Budi menyebut, pendidikan spesialis dokter memakan biaya yang mahal. Akan tetapi, pada program ini, para residen tidak perlu membayar uang kuliah ataupun uang pangkal, dan mendapatkan keuntungan yang sama dengan tenaga kerja lainnya.
"Mereka akan mendapat perlindungan kesehatan, perlindungan hukum, jam kerja yang wajar, dan statusnya bukan status di bawah. Bukan status pesuruh, bukan status pembantu," katanya.
Untuk kualitas program, lanjut Budi, pihaknya melibatkan seluruh kolegium Indonesia untuk pembuatan kurikulum. Kemenkes juga berkolaborasi dengan para ahli dari luar negeri untuk memperkaya kurikulum tersebut.
Direktur Jenderal Tenaga Kesehatan Kementerian Kesehatan Arianti Anaya mengatakan, Indonesia kini masih kekurangan lebih dari 27 ribu dokter spesialis. Program pendidikan dokter spesialis berbasis rumah sakit pendidikan nantinya memprioritaskan para dokter dari daerah tertinggal, perbatasan, dan kepulauan (DTPK).

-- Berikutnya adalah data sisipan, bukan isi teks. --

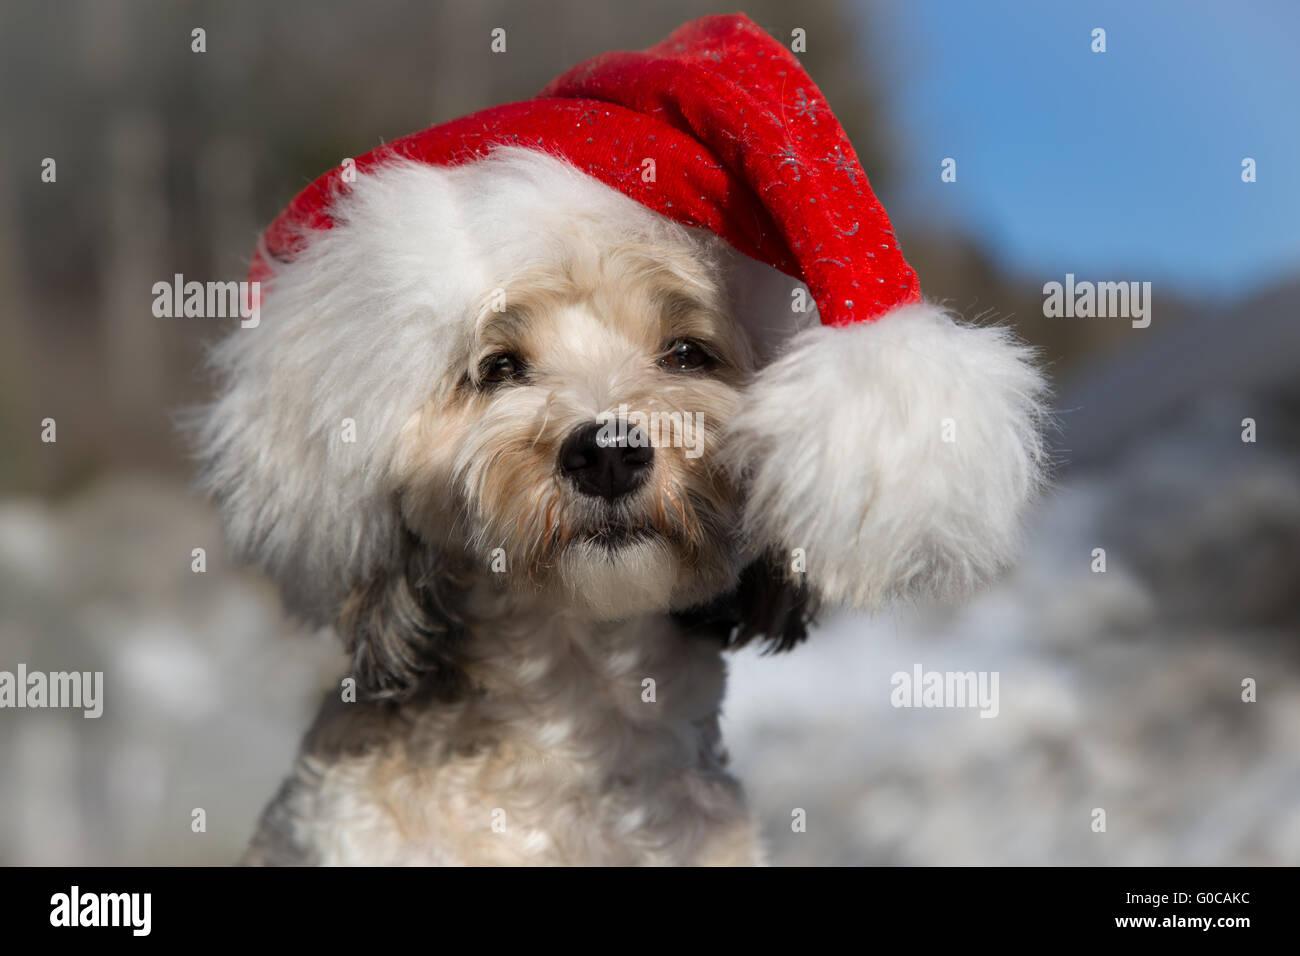 Santa Dog - Stock Image

Menurut Arianti, selain peralatan, tenaga medis menjadi salah satu faktor penting guna mendekatkan akses pelayanan kesehatan kepada masyarakat. Dokter spesialis dibutuhkan terutama untuk menangani empat penyakit penyebab kematian tertinggi, yakni strok, penyakit jantung, kanker, dan penyakit ginjal.
Pihaknya juga menggandeng Accreditation Council for Graduate Medical Education (ACGME), yang mengakreditasi program sejenis yang ada di Amerika, Singapura, Filipina, dan lain-lain. ACGME dilibatkan guna memastikan standar PPDS berbasis RS berkualitas global.
Berdasarkan data Direktorat Jenderal Pelayanan Kesehatan, terdapat enam RS milik Kemenkes yang sudah ditunjuk sebagai RSP-PU Pilot atau percontohan untuk program studi dokter spesialis, yakni RS Jantung dan Pembuluh Darah Harapan Kita (6 kuota), RS Anak dan Bunda Harapan Kita (6 kuota), RS Ortopedi Soeharso (10 kuota), RS Mata Cicendo (5 kuota), RS Pusat Otak Nasional (5 kuota), dan RS Kanker Dharmais (6 kuota).
Sementara itu, Pengurus Besar Ikatan Dokter Indonesia berharap PPDS berbasis Rumah Sakit Pendidikan (RSP) mampu menjawab masalah maladistribusi dokter spesialis di Indonesia. Penyebaran dokter tidak lepas dari adanya peran serta supervisi kolegium, sehingga diharapkan kerja sama seluruh pihak dapat berjalan dengan baik.
"Yang paling penting juga untuk diperkuat bukan hanya produksi, tapi kita juga harus bicara bagaimana nanti ada sebuah regulasi yang mempertegas bahwa produksi ini akan ada yang menjangkau seluruh wilayah Indonesia, sehingga juga akan bisa menjawab masalah maaldistribusi," kata Ketua Umum PB IDI Dr Moh Adib Khumaidi saat ditemui di Jakarta, Senin.
Adib juga menekankan kepada seluruh pihak terkait untuk tidak membeda-bedakan antara dokter spesialis lulusan PPDS berbasis universitas maupun PPDS berbasis RSP. Sebab, semua nanti akan bekerja untuk masyarakat, dengan kompetensi yang sama.
"Tidak boleh ada perbedaan antara satu dokter dengan dokter lainnya dalam aspek profesionalisme, kolegialitas, dan etika," ujarnya.